Since the USPSTF issued its update, studies have shown that both physician examination and self-examination can lead to earlier detection, when cure is more likely. In a study of 126 asymptomatic individuals with melanomas, skin examinations by dermatologists were associated with significantly thinner melanomas (less than 1.0 mm) and an increasing likelihood of the lesion being in situ [179]. In a case-control study, skin cancer screening was associated with a 38% higher likelihood of being diagnosed with a thin melanoma (0.75 mm or less) [180]. An increased rate of detection of melanomas when they are thinner would seem to support an association with better outcomes, given that tumor thickness is an important prognostic factor. There has been a call for a national plan to enhance prevention and detection by providing screening as a health benefit, expanding outreach and education, and advocating for legislation to support screening and education [181].

PREVENTION

Patient education is the cornerstone of efforts to prevent skin cancer.
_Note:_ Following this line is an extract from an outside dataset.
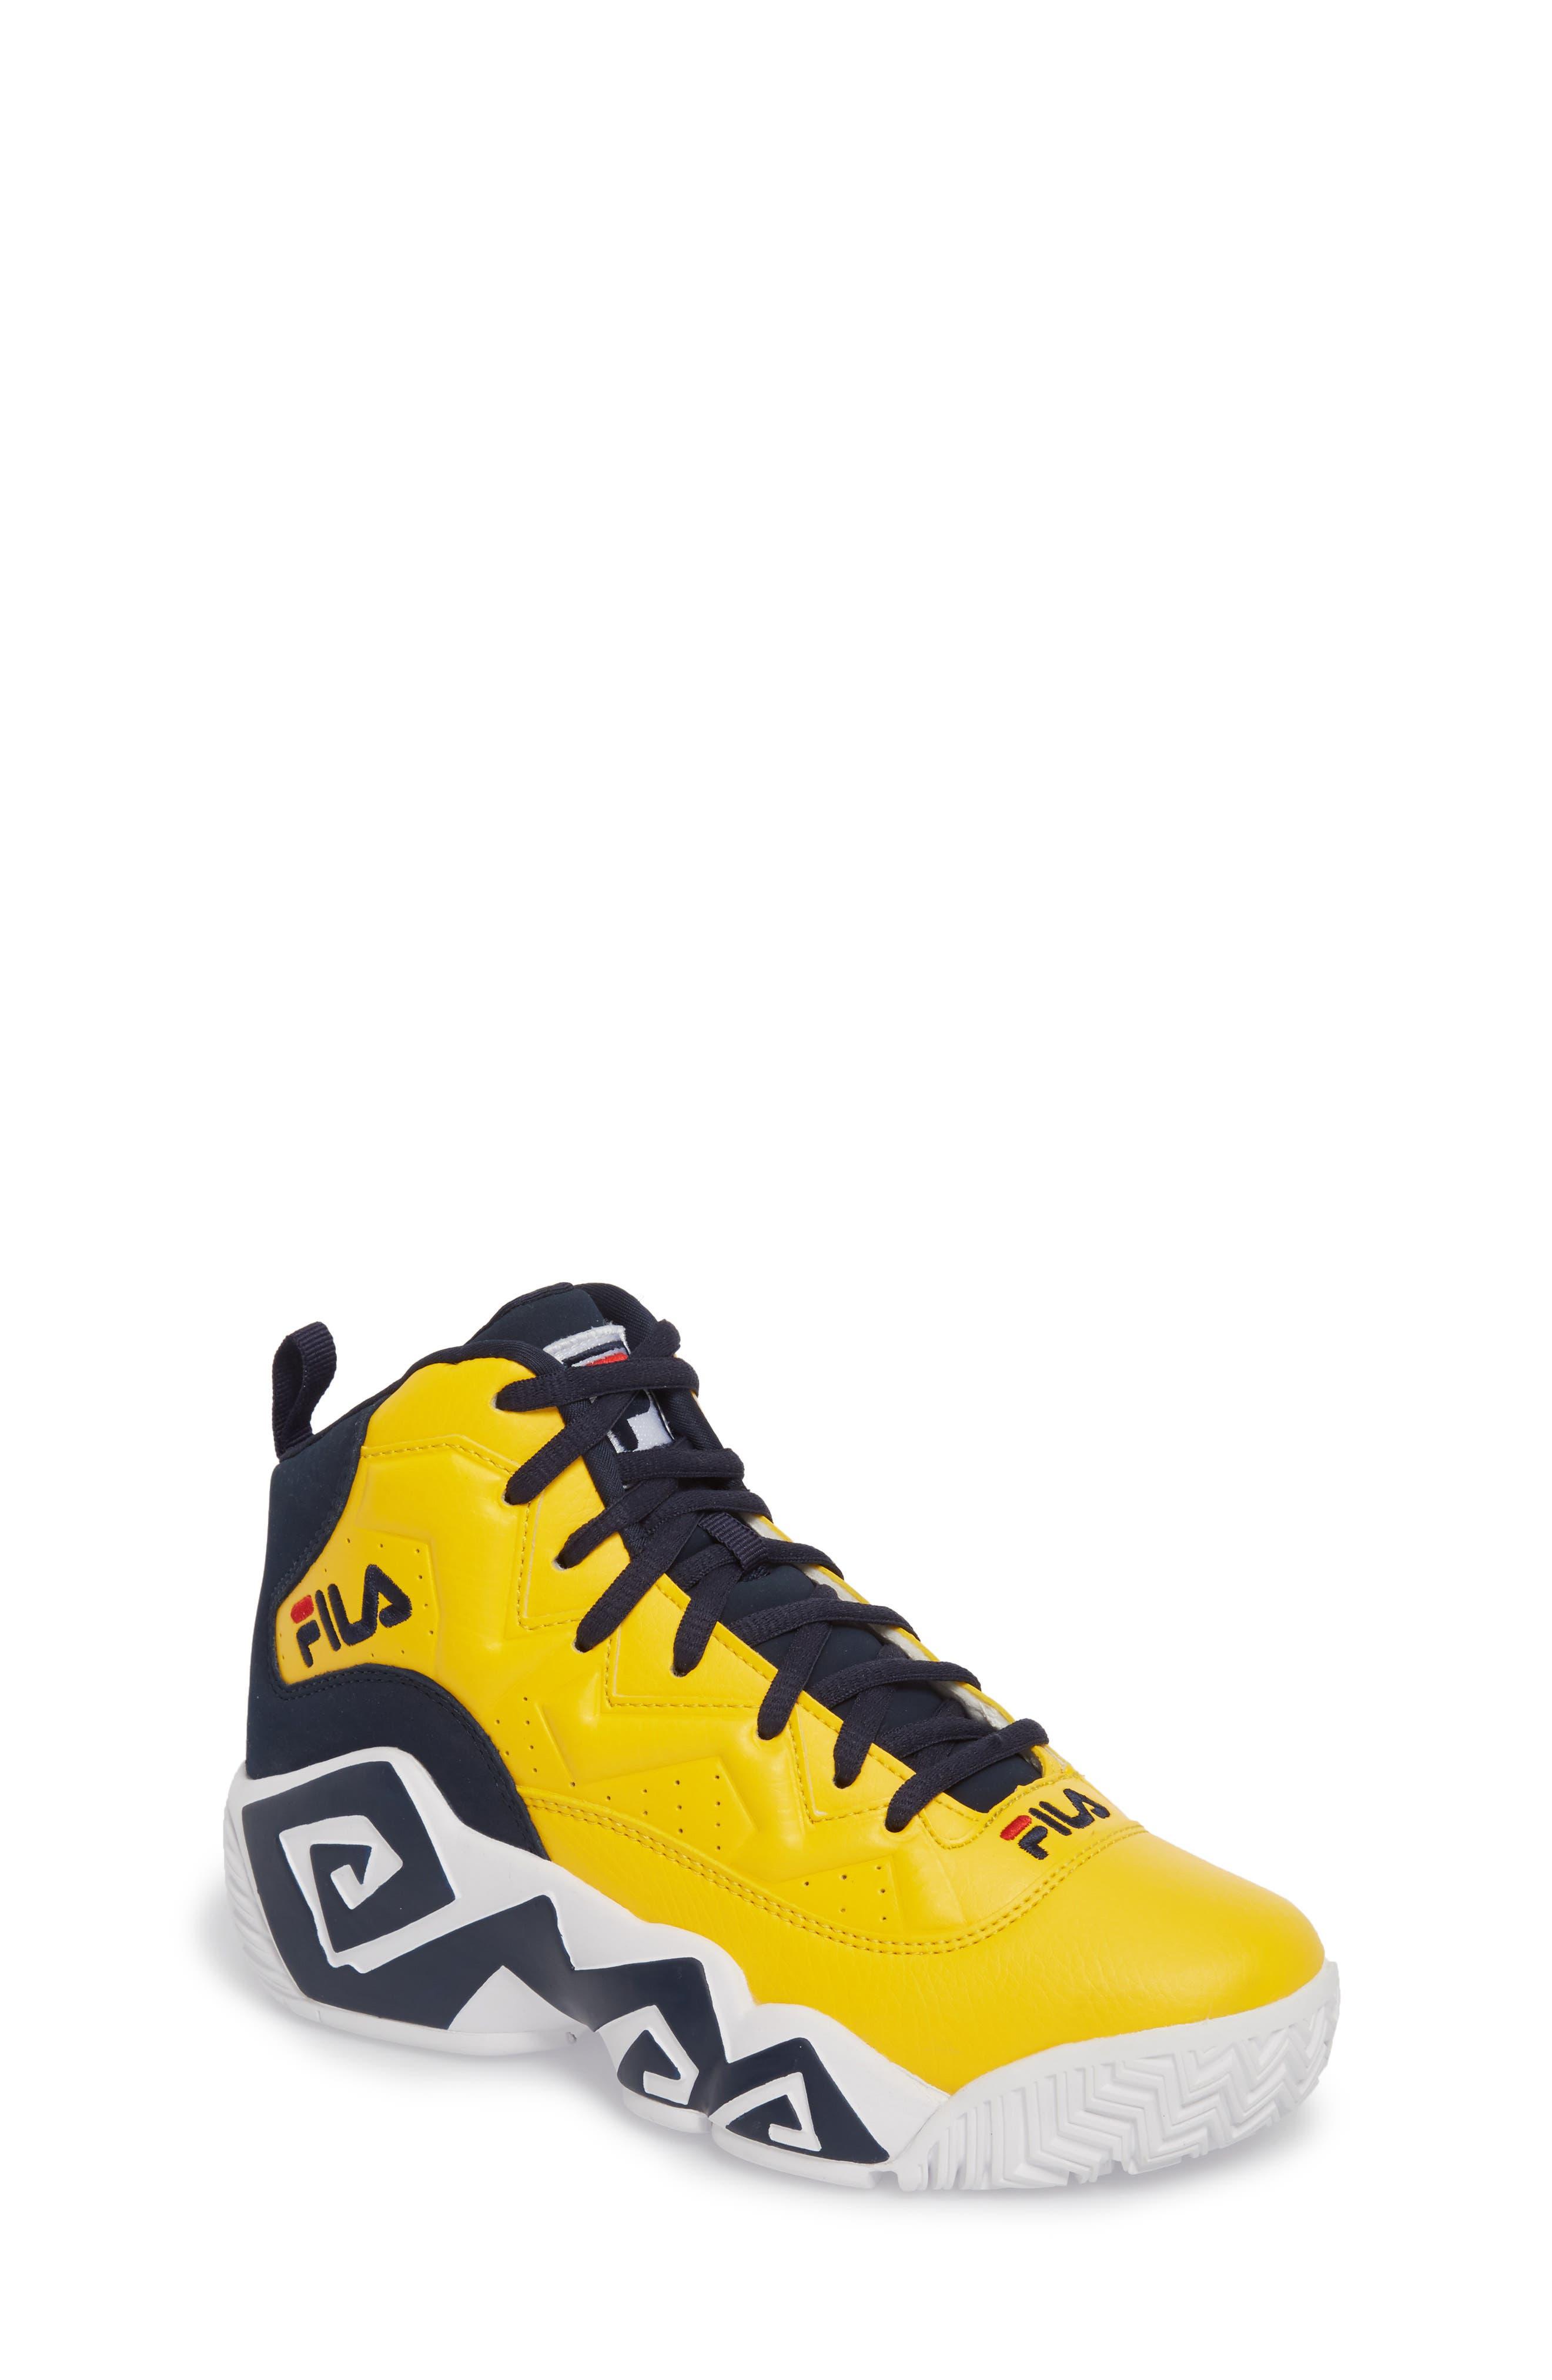 FILA MB High Top Sneaker (Big Kid)

In a 2018 update to its report on counseling to prevent skin cancer, the USPSTF recommended counseling for children, adolescents, young adults, and parents of young children to minimize UV exposure among those 10 to 24 years of age (particularly those with "fair skin"), thereby reducing the risk of skin cancer [182]. The USPSTF found insufficient evidence to assess the balance of benefits and harms of such counseling for adults older than 24 years of age, but recommends selective counseling based on presence of risk factors for skin cancer [182]. Talking to patients about ways to protect themselves from UV rays should be carried out, with several points of emphasis (Table 14). Every summer, the consumer media is inundated with information on reducing the risks of sun exposure, and physicians should reinforce this information. Although Healthy People 2030 sets no targets regarding protective measures that may reduce the risk of skin cancer, healthcare providers should work toward attaining the goal of increasing from 70.8% the proportion of adults who usually or always apply sunscreen with a sun protection factor (SPF) of 15 or higher, wear protective clothing, or seek shade; as of 2015, 70.8% of adults reported usually or always using sun-protection methods [183]. Men are significantly less likely to use sunscreen than women [175,183].

POINTS OF EMPHASIS FOR PATIENT EDUCATION ON PREVENTION OF SKIN CANCERS

Use of Sunscreen
All individuals, regardless of skin color, should use sunscreen. Children require extra protection, as sun damage begins early and progresses over time.
Choose a sunscreen that has a sun protection factor (SPF) of 15. (Higher SPFs impart only slightly more protection.)
Select a sunscreen that protects against both UV-A and UV-B rays. Look for labels with "broad spectrum" or "multispectrum" or ingredients such as avobenzone (Parsol 1789), titanium dioxide, zinc oxide, or oxybenzone.
Expand the use of sunscreen beyond the summer; snow reflects up to 80% of the sun's rays.
Apply sunscreen at least 30 minutes before going out in the sun.
Use sunscreen even if wearing make-up that has SPF. (Apply sunscreen underneath make-up.)
Apply sunscreen liberally (at least a shot glass full per application for adults) and reapply at least every two hours (sooner if swimming or sweating).
Make sure to use sunscreen on often-forgotten areas, such as ears, scalp (if bald), and back of the neck.
Check the expiration date on the bottle of sunscreen; expired products are not effective.
Other Protection from UV Rays
Use lip balm (SPF 30); petroleum jelly does not provide protection against the sun.
Wear protective clothing.
Wear a broad-brimmed hat.
Wear sunglasses that protect against UV rays.
Avoid the sun during its highest intensity (10 a.m. to 4 p.m.).
Avoid tanning beds and tanning salons; warn parents of the danger of this practice among teenagers.
Self-Examination

Learn how to:

  • Perform self-examination of the skin

  • Recognize moles and dysplastic nevi

  • Use the ABCDE criteria

  • Perform self-examinations at least monthly and examine other family members, including children

Other
Early detection of skin cancers provides the best opportunity for cure.
Family history has an important role in the development of skin cancers; greater precautions are needed for children of parents with skin cancers.
Educational materials vary in quality; choose high-quality print and online resources.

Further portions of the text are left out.